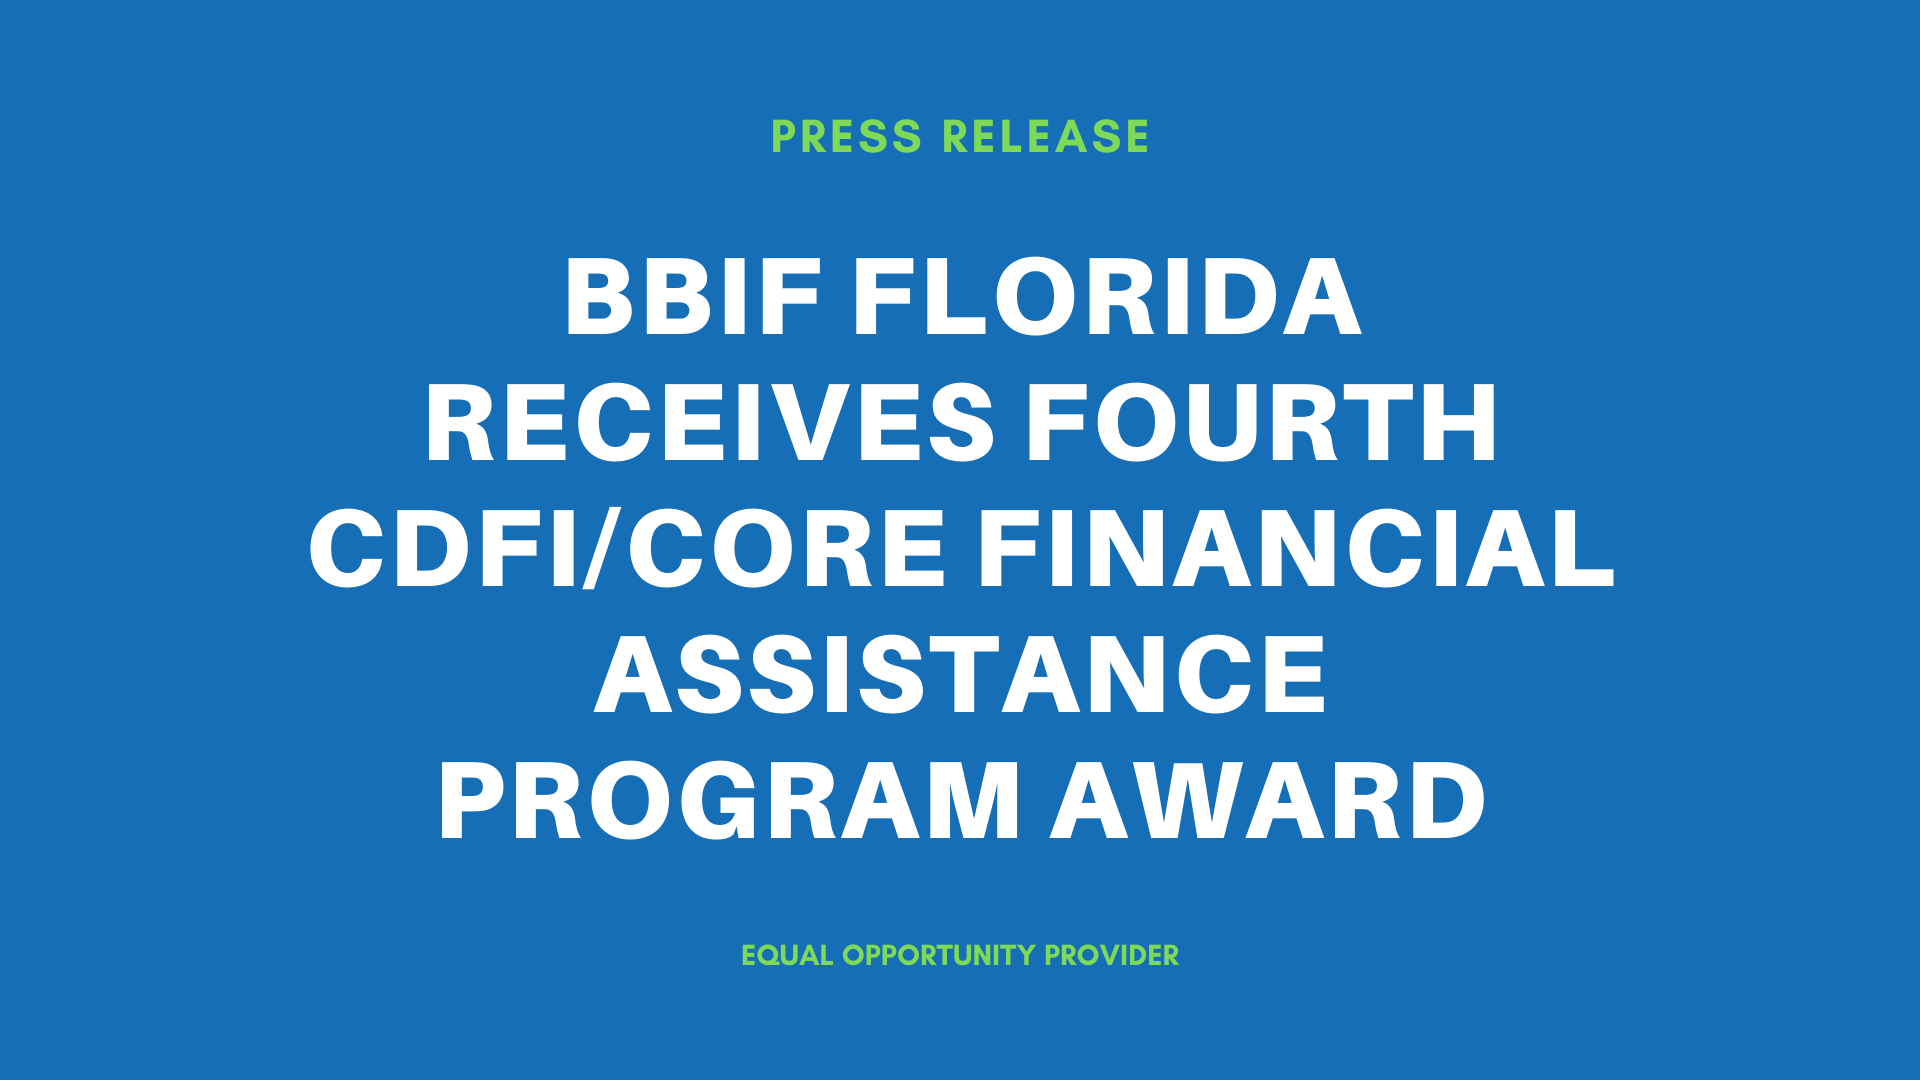 BBIF Florida Receives Fourth CDFI/CORE Financial Assistance Program Award
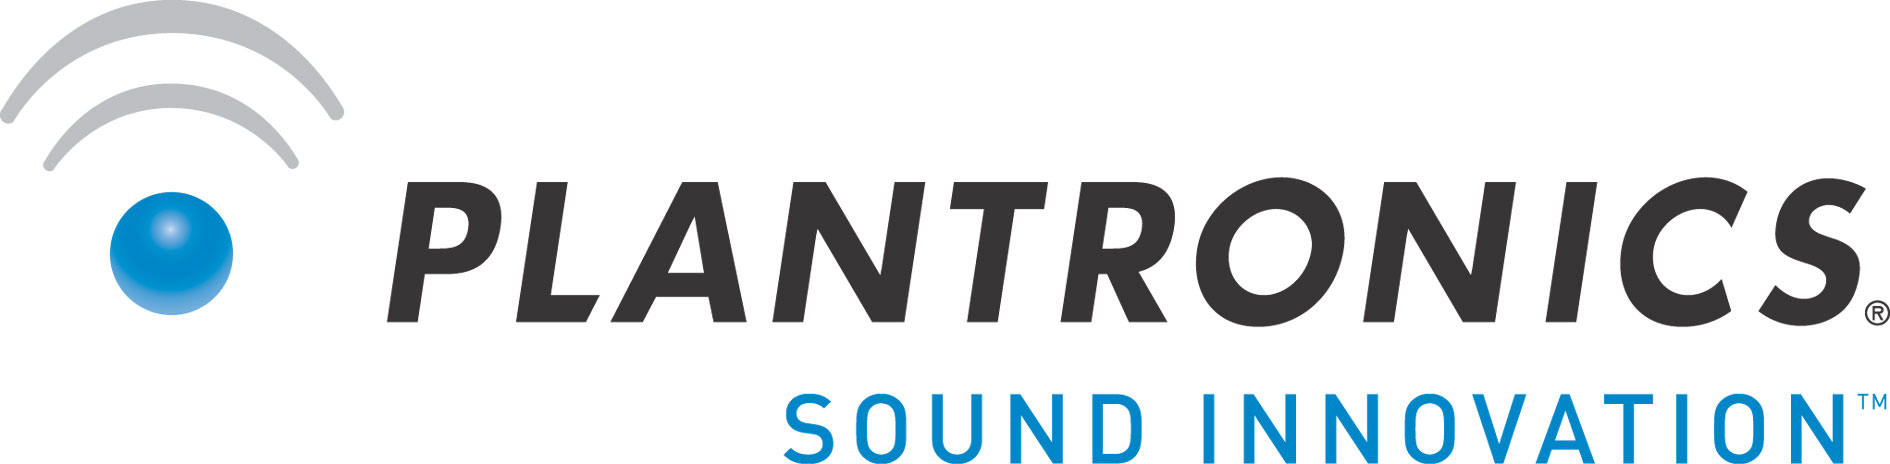 plantronics-logo.jpg
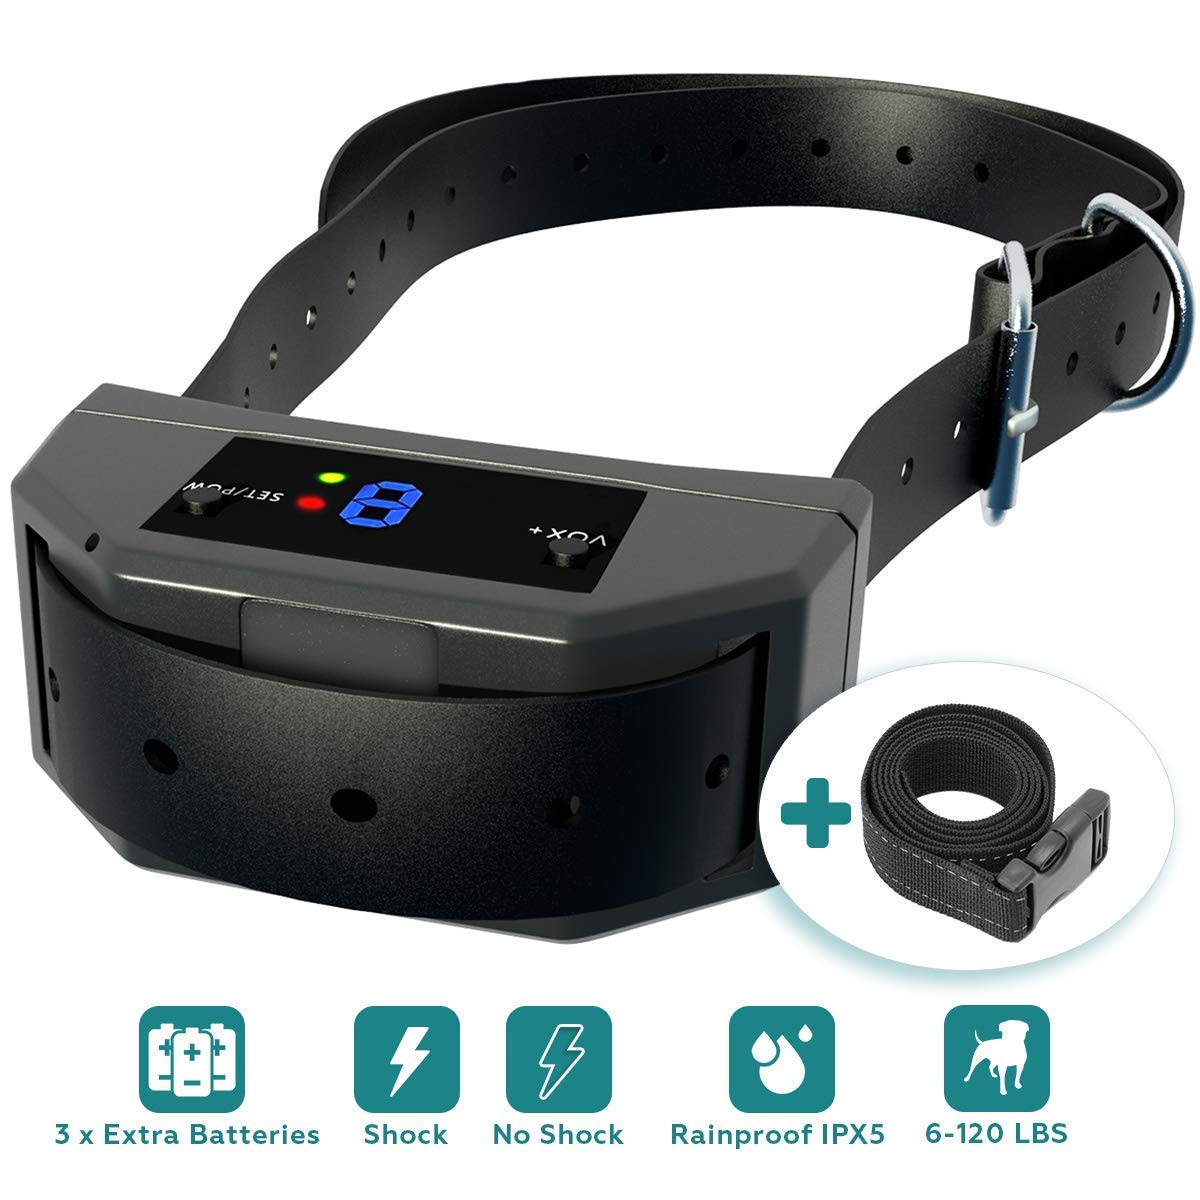 ELZU.US [Newest 2019 Upgraded] Bark Collar w/Upgraded Smart Chip - Best Dog Anti-Barking Collar, Beep/Shock Mode. No Bark Device
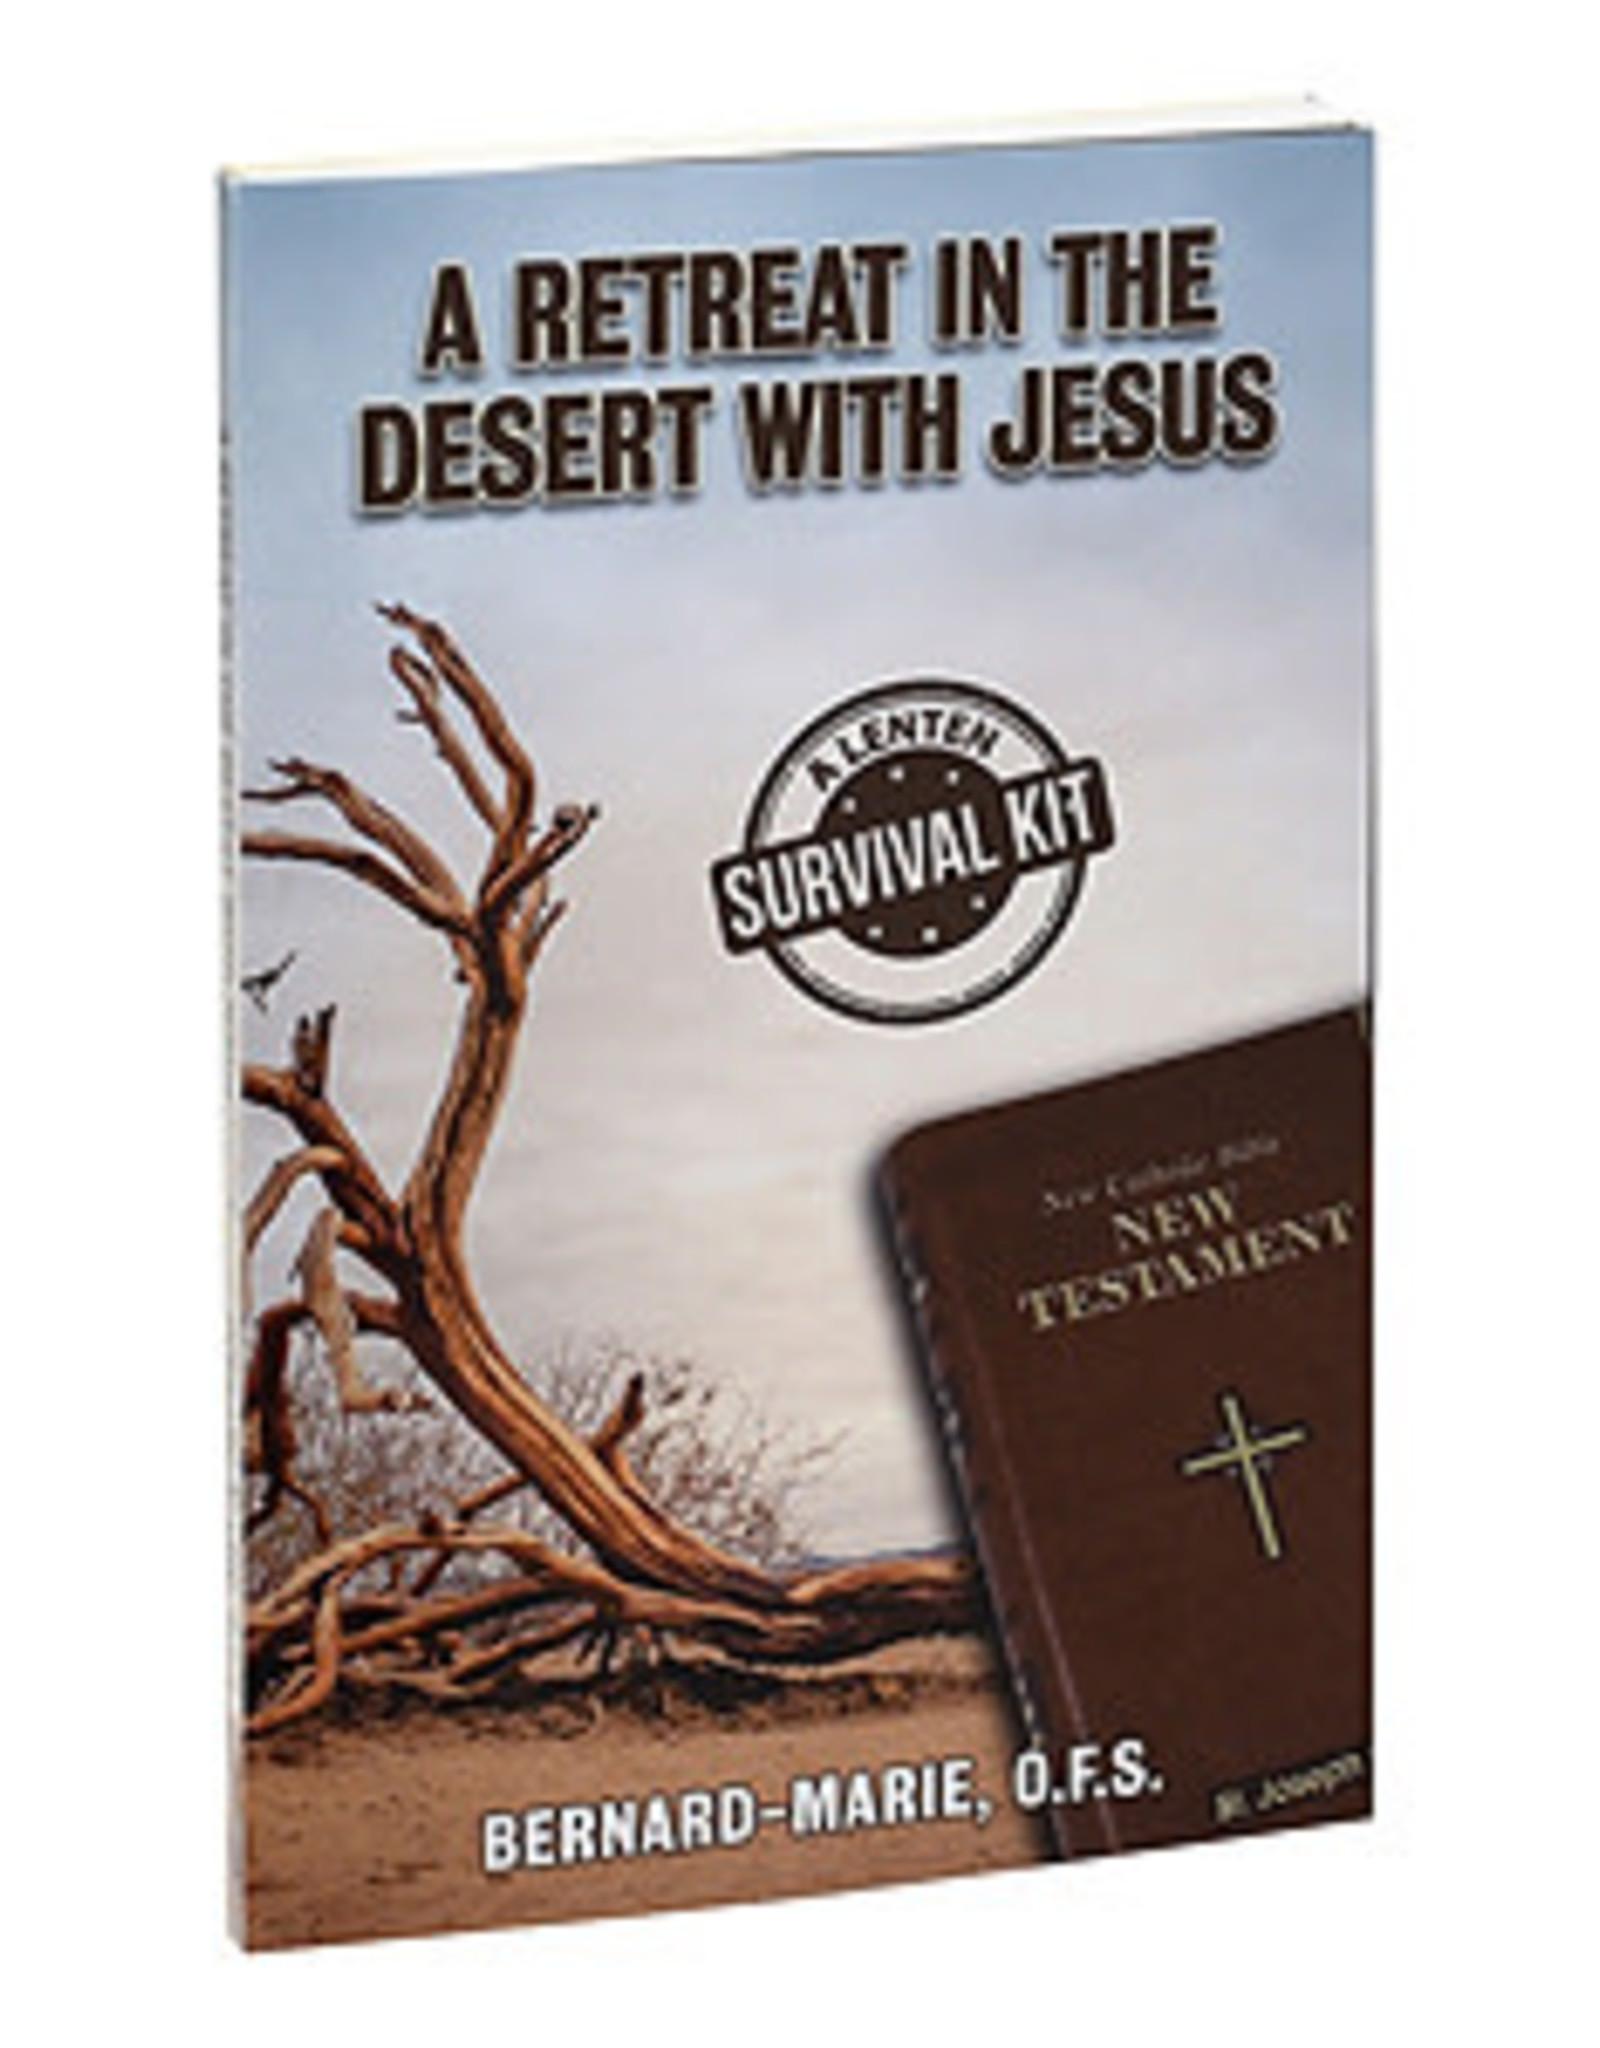 A Retreat in the Desert with Jesus:  A Lenten Survival Kit, by Bernard-Marie (paperback)

**TASK PROMPT**. Retype, word for word, only the line holding "ELZU.US [Newest 2019" and the lines after it through the final line of the listing above, and leave every picture out.

**SOLUTION TO THIS TASK**.
 ELZU.US [Newest 2019 Upgraded] Bark Collar w/Upgraded Smart Chip - Best Dog Anti-Barking Collar, Beep/Shock Mode. No Bark Device
 A Retreat in the Desert with Jesus:  A Lenten Survival Kit, by Bernard-Marie (paperback)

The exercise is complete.